Objective: To optimally position current therapy for Crohn’s disease by quantifying treatment efficacy stratified by disease phenotype, including anatomic location, behavior, and prior medication use.
Study Design: Meta-analysis of randomized placebo-controlled clinical trials of therapeutic efficacy for Crohn’s disease
Participants: Adult patients over the age of 18 with active Crohn’s disease who received either placebo or molecularly-targeted therapy during trials of treatment induction or maintenance
Main Outcome Measure: Efficacy as measured by clinical response per study protocol, stratified by disease location, behavior, and history of prior medication use including anti-Tumor Necrosis Factor alpha failure
Statistical Analysis: Mixed-effects meta-analysis to assess therapeutic efficacy across phenotypic strata. Covariate significance testing and model sensitivity analysis will be performed.
Crohn’s Disease (CD) is an idiopathic and morbid syndrome of gastrointestinal inflammation with rising global incidence but lacking curative or preventative strategies. It is a heterogenous disease entity that encompasses multiple distinct clinical phenotypes which arise from different biological pathways. Although treatment options for CD historically have been limited, recent decades have seen the advent of novel agents with well-defined molecular targets. At the present time, patient response to any of these treatments remains largely unpredictable. Therefore, the choice of treatment largely lies in other factors such as side-effect profile, cost, and convenience rather than of predicted efficacy.
Clinical experience, limited clinical trials, and preclinical models all suggest that treatment response varies by disease phenotype.

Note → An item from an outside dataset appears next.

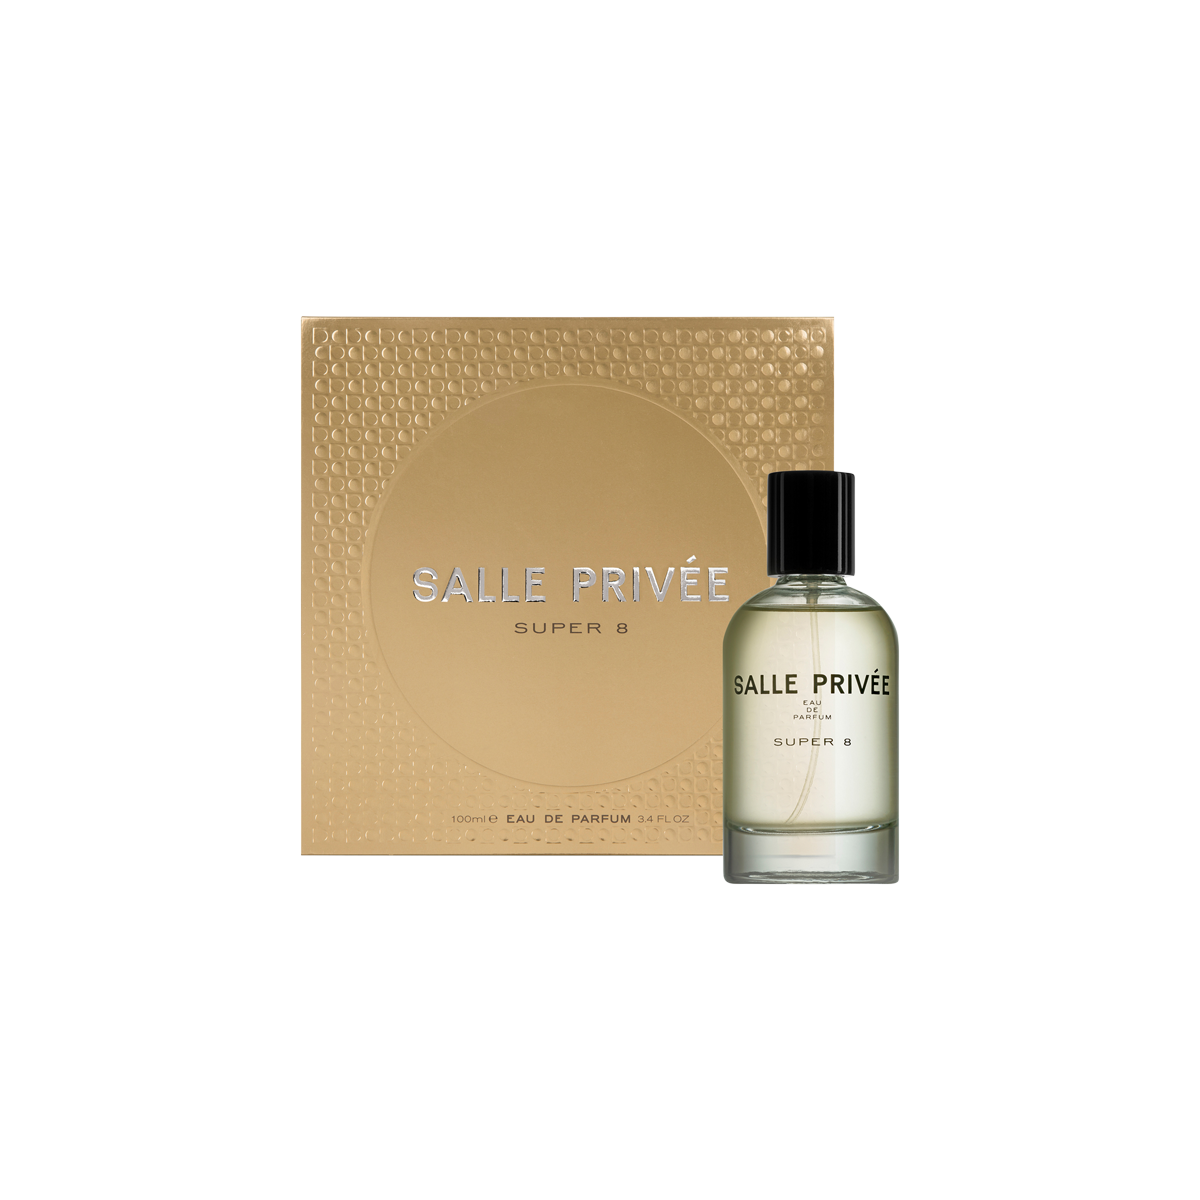 SALLE PRIVEE - Super 8 Eau de Parfum

Although disease phenotypic classification – most commonly the Montreal Classification -- is collected on an individual patient level in all modern trials, it has gone without dedicated subgroup analysis in most of the pivotal trials that led to FDA approval.

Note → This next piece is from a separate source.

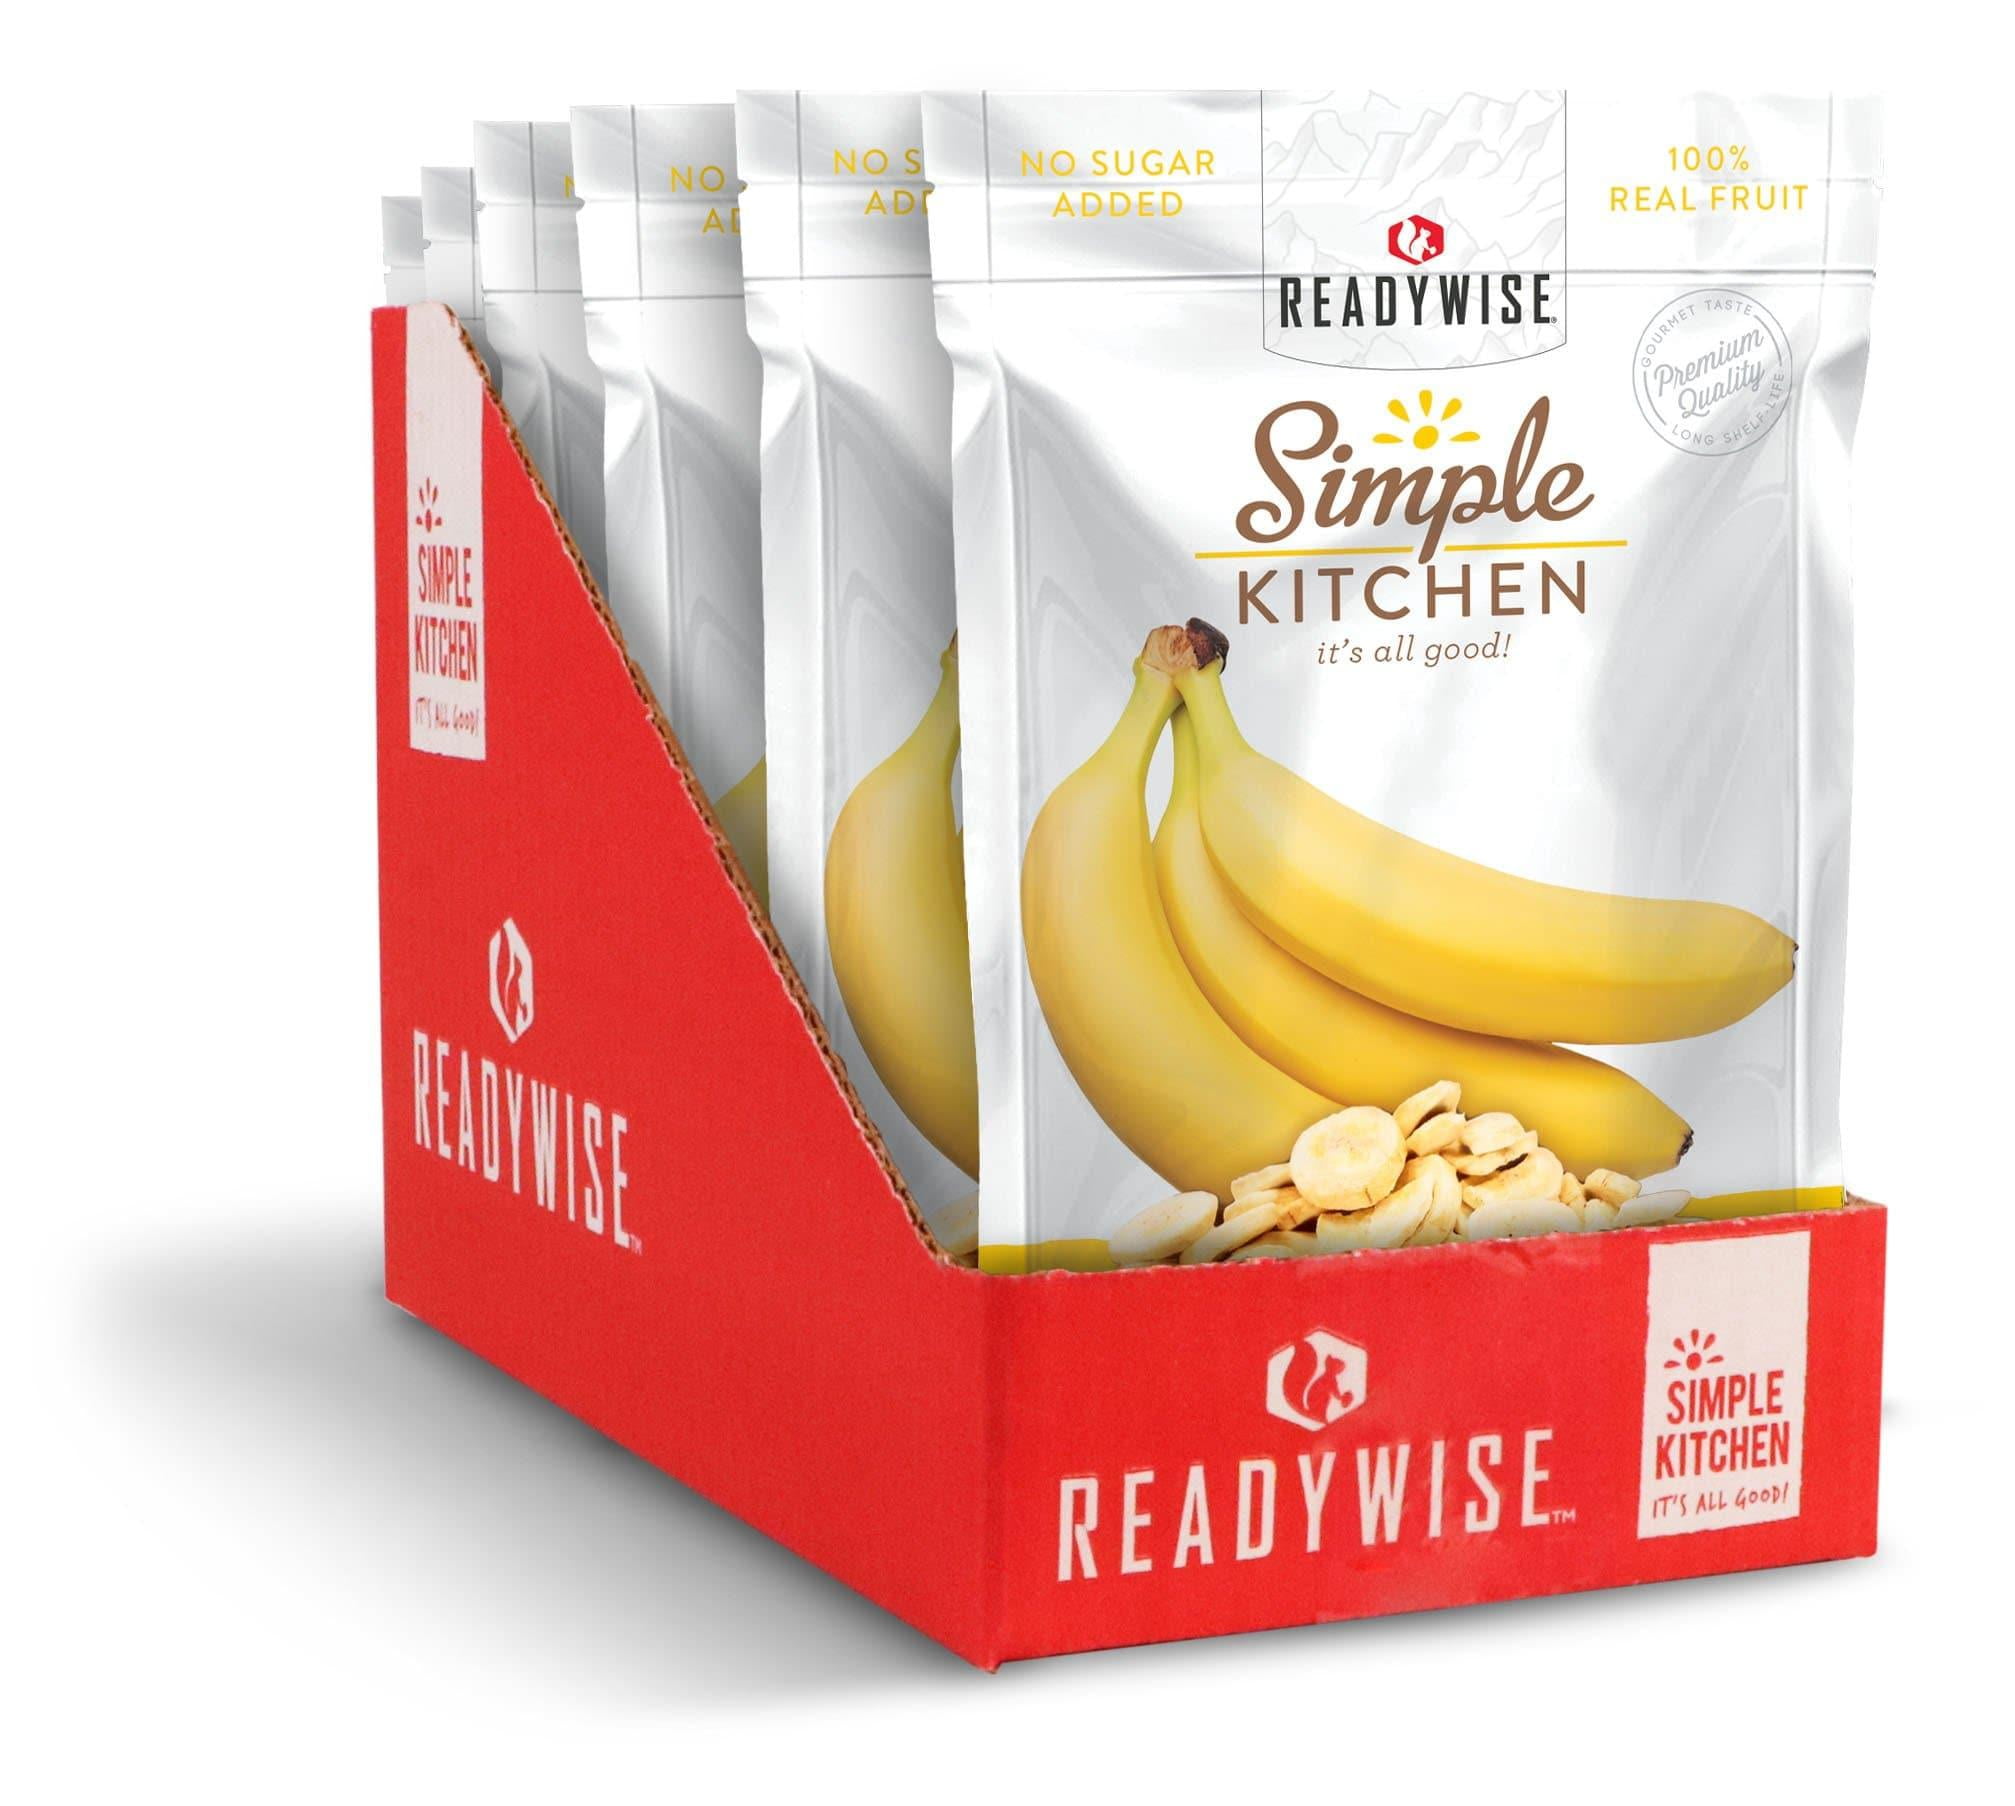 Freeze Dried Bananas at  - free shipping $99+

As a result, clinicians are presently unequipped to make high-confidence treatment recommendations to their patients who encompass the full phenotypic spectrum of Crohn’s disease. This therapeutic imprecision invariably leads to suboptimal disease control, excess exposure to medication-related risks, and increased healthcare costs.
Therefore, we propose to meta-analyze pre-existing, high-quality, placebo-controlled clinical trial data in order to prioritize FDA-approved therapeutic candidates by disease phenotype and help advance precision medicine for this morbid disease.
Hypothesis: This study is an estimation study rather than one that aims to perform specific statistical hypothesis testing. However, as previously mentioned, the scientific hypothesis that motivates this study is that currently approved Crohn's treatments will differ in efficacy when assessed within specific subgroups.
Objective: To optimally position current therapy for Crohn’s disease by quantifying treatment efficacy stratified by disease phenotype, including anatomic location, behavior, and prior medication use (including a history of anti-Tumor Necrosis Factor-alpha failure)
Aims: We plan to quantify treatment efficacy by stratification along the lines of disease phenotype, including anatomic location, behavior (e.g. structuring, penetrating), and history of prior medication failure.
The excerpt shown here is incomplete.